Если сегодня задуматься над своим мироощущением тех лет, то в доступных мне теперь понятиях я бы назвал то свое мироощущение в некотором смысле «эмигрантским». В определенном смысле верующие чувствовали себя в СССР «эмигрантами». Не просто «внутренними эмигрантами», «сбежавшими из СССР в себя», а как раз самыми настоящими, «эмигрантами в СССР». В определенной степени бесправными и чужими. Никакой враждебности к СССР у нас не было, упаси Бог (да и должна ли быть враждебность к стране пребывания, которая тебя приютила), но было — чувство чуждости. И оно воспринималось как норма. И какие бы гадости, какое бы вранье ни писалось в советских книжках про мою веру, это вызывало отторжение, но вот тех самых «религиозных чувств верующего» не возникало. Опять же, почему? Потому что в той стране это было нормой. Ее, страны, нормой, но не моей. И ни я, ни кто другой из верующих этого изменить тогда не мог.

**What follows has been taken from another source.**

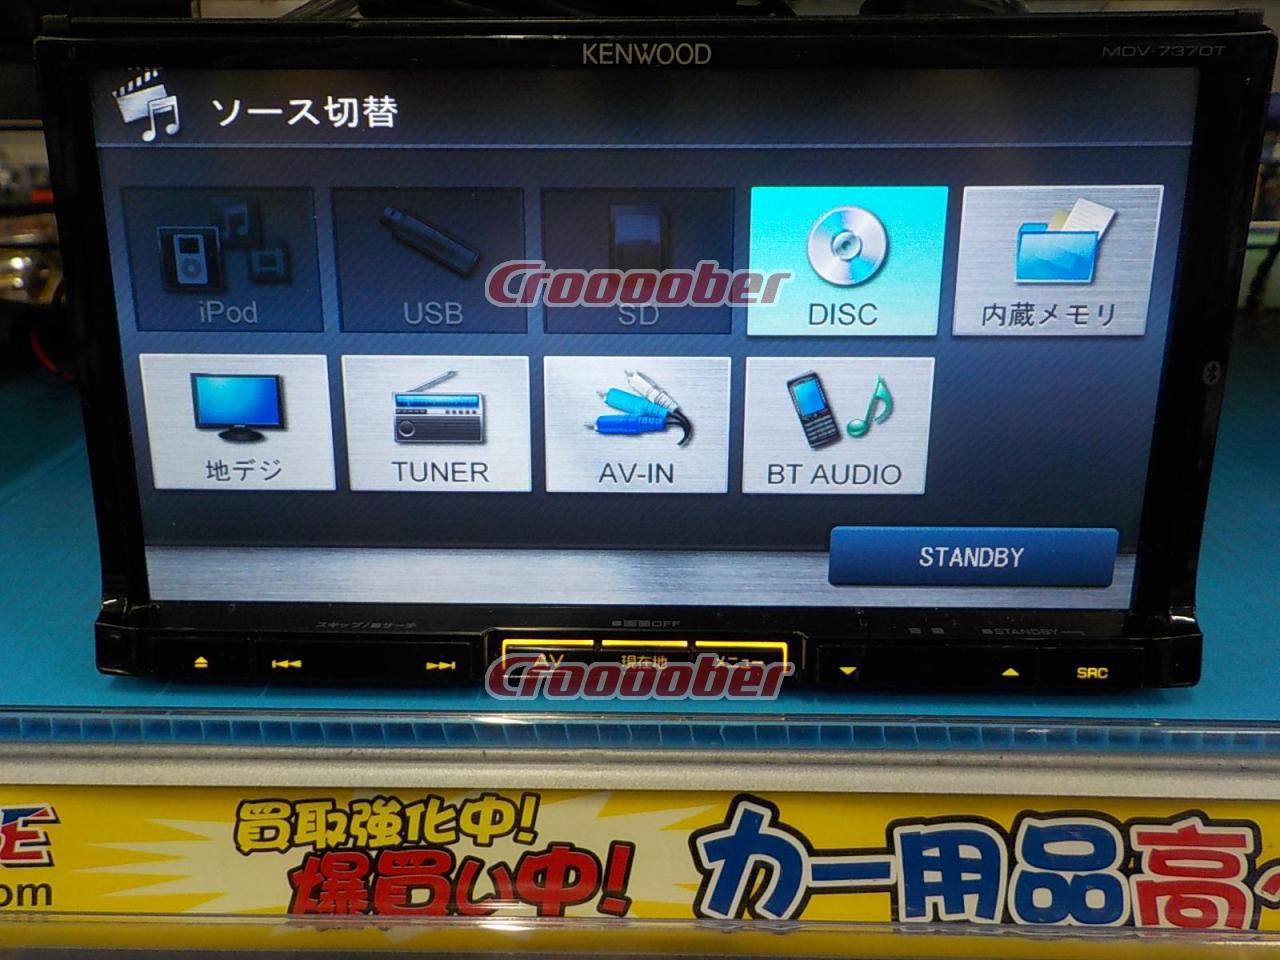 KENWOOD MDV-737DT ☆Bluetooth内蔵!USB接続可!☆ | カーナビ(地デジ ...

То есть, если совсем разложить всё по полочкам, я не ассоциировал себя с этим враньем, с этими гадостями, ведь их говорила «не совсем моя» страна. Я рос верным гражданином (так воспитывали в семье), но ценности этой страны я не разделял, и все, что высказывалось — словом или делом — в адрес моей религии, я не воспринимал как нечто, высказываемое от моего лица. Я не нес за это ответственности. И никто из верующих не нес за это ответственности. И верующие это чувствовали. Верующие были de facto изгнаны из общественной жизни целиком и полностью в некое «социокультурное гетто», влиять на жизнь общества не могли, следовательно, и чувства сопричастности не было, а потому и чувства ответственности за все, что там с обществом происходит, не возникало и не могло возникнуть.
И в этом — разгадка к нашим «религиозным чувствам верующих»: не тем, «бумажным», сплошь и рядом критикуемым, а настоящим, которые двигают верующими людьми; тем чувствам, которые двигали верующими и в 2012 году в Москве, и в прошлом году в Новосибирске. Объяснить их легко с помощью известного афоризма: «Не бойтесь друзей — они могут лишь предать вас; не бойтесь врагов — они могут лишь убить вас; бойтесь равнодушных, ибо только с их молчаливого согласия совершаются предательства и убийства». В его свете анатомия «религиозных чувств верующих» становится наглядной и прозрачной: это чувства, которые возникают у верующего человека там, где рядом с ним совершается что-то в корне неправильное, губительное. Причем это «рядом», «в присутствии» как раз и означает, что сам человек живо чувствует, ощущает свою ответственность за это жизненное пространство. Что-то недопустимое происходит не в другой стране, не в чужой, где он остается эмигрантом. Происходит в его стране, в стране, которой он принадлежит, за будущее которой чувствует свою ответственность. И будет чувствовать свою вину, если смолчит, пройдет мимо, отвернется — хотя вмешаться обычно «себе дороже».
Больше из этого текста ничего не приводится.